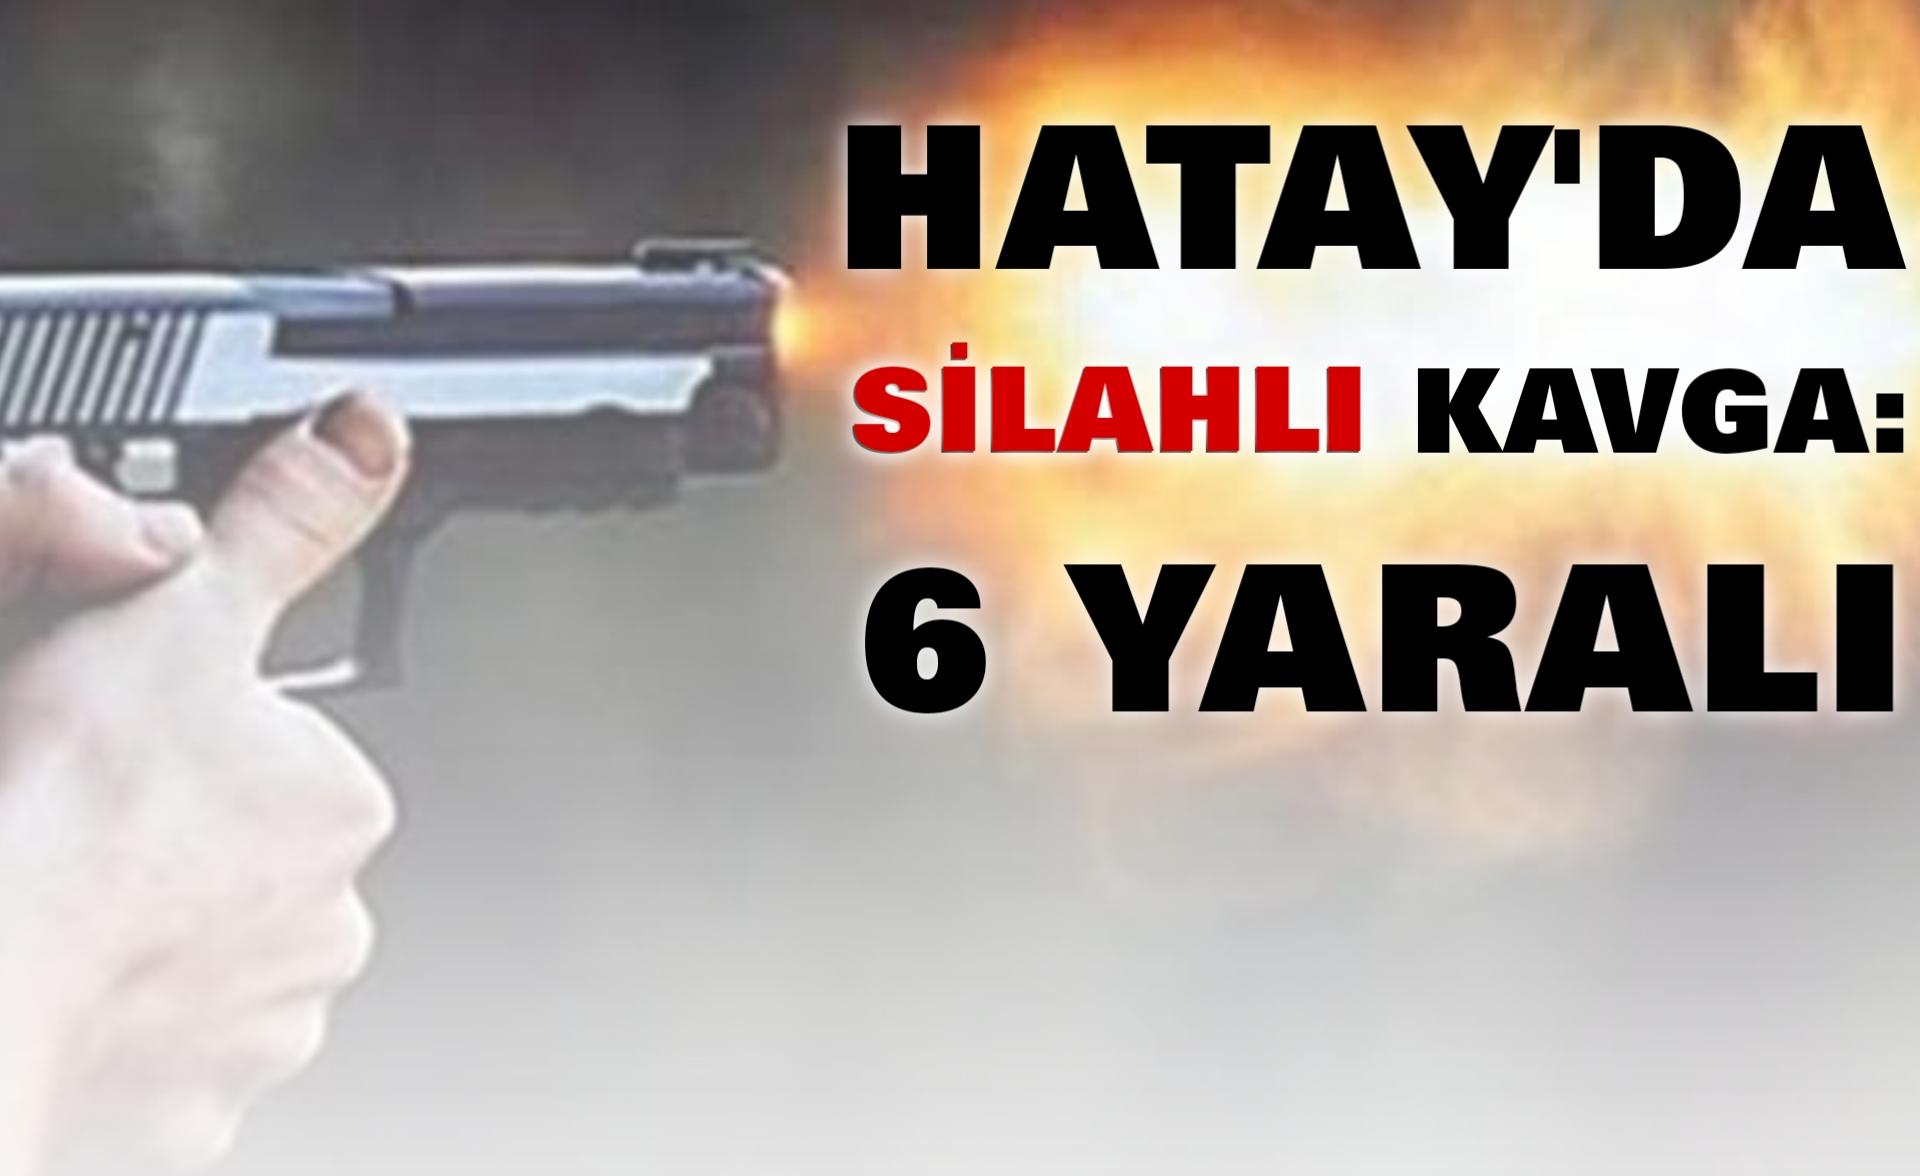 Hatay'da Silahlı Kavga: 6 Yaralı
______
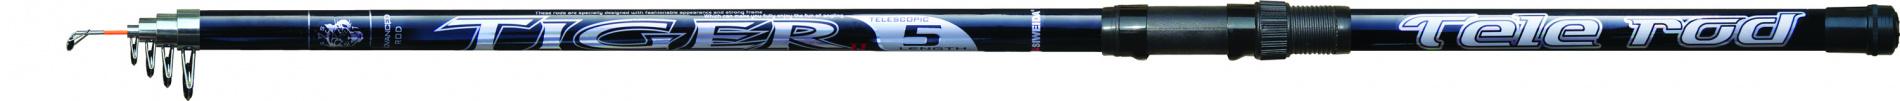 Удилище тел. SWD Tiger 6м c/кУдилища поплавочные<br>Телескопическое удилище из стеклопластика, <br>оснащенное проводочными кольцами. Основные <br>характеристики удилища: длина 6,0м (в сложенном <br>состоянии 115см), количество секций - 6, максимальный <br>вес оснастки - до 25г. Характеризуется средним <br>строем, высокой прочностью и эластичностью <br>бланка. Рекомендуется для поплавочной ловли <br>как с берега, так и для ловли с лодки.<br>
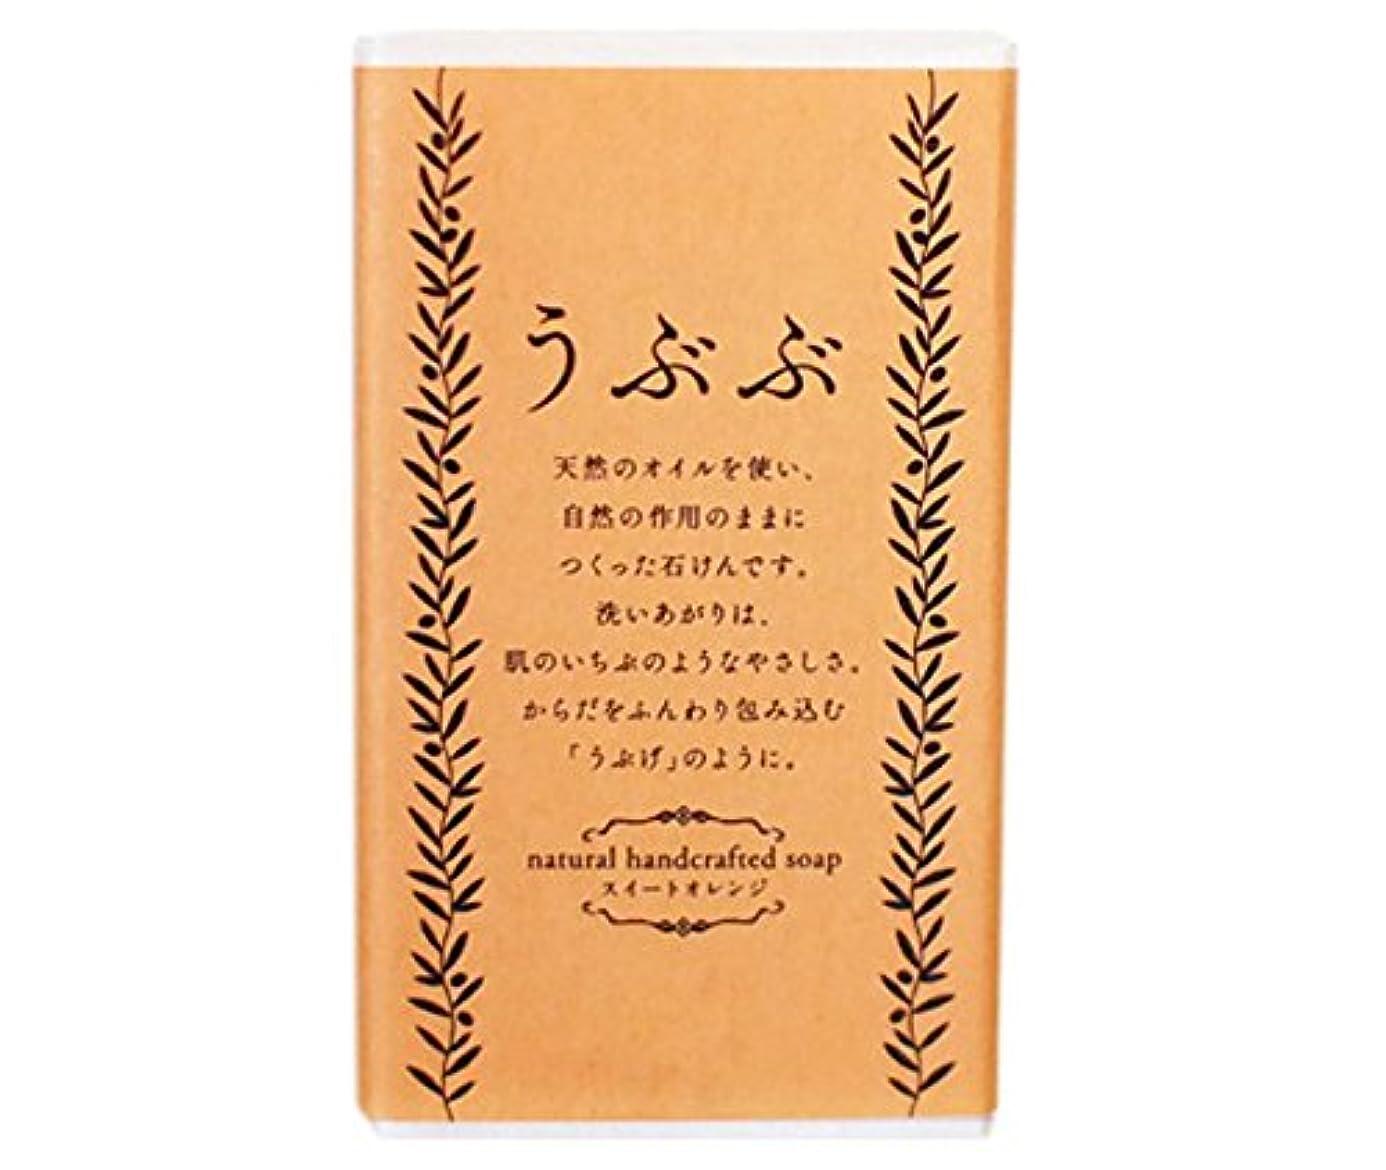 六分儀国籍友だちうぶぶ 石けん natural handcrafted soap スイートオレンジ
______
TASK DESCRIPTION:
Word for word, write out the lines above running from the one with "Удилище тел. SWD" up to and including the one with "六分儀国籍友だちうぶぶ 石けん natural". Drop any picture.

WRITTEN SOLUTION:
 Удилище тел. SWD Tiger 6м c/кУдилища поплавочные<br>Телескопическое удилище из стеклопластика, <br>оснащенное проводочными кольцами. Основные <br>характеристики удилища: длина 6,0м (в сложенном <br>состоянии 115см), количество секций - 6, максимальный <br>вес оснастки - до 25г. Характеризуется средним <br>строем, высокой прочностью и эластичностью <br>бланка. Рекомендуется для поплавочной ловли <br>как с берега, так и для ловли с лодки.<br>
 六分儀国籍友だちうぶぶ 石けん natural handcrafted soap スイートオレンジ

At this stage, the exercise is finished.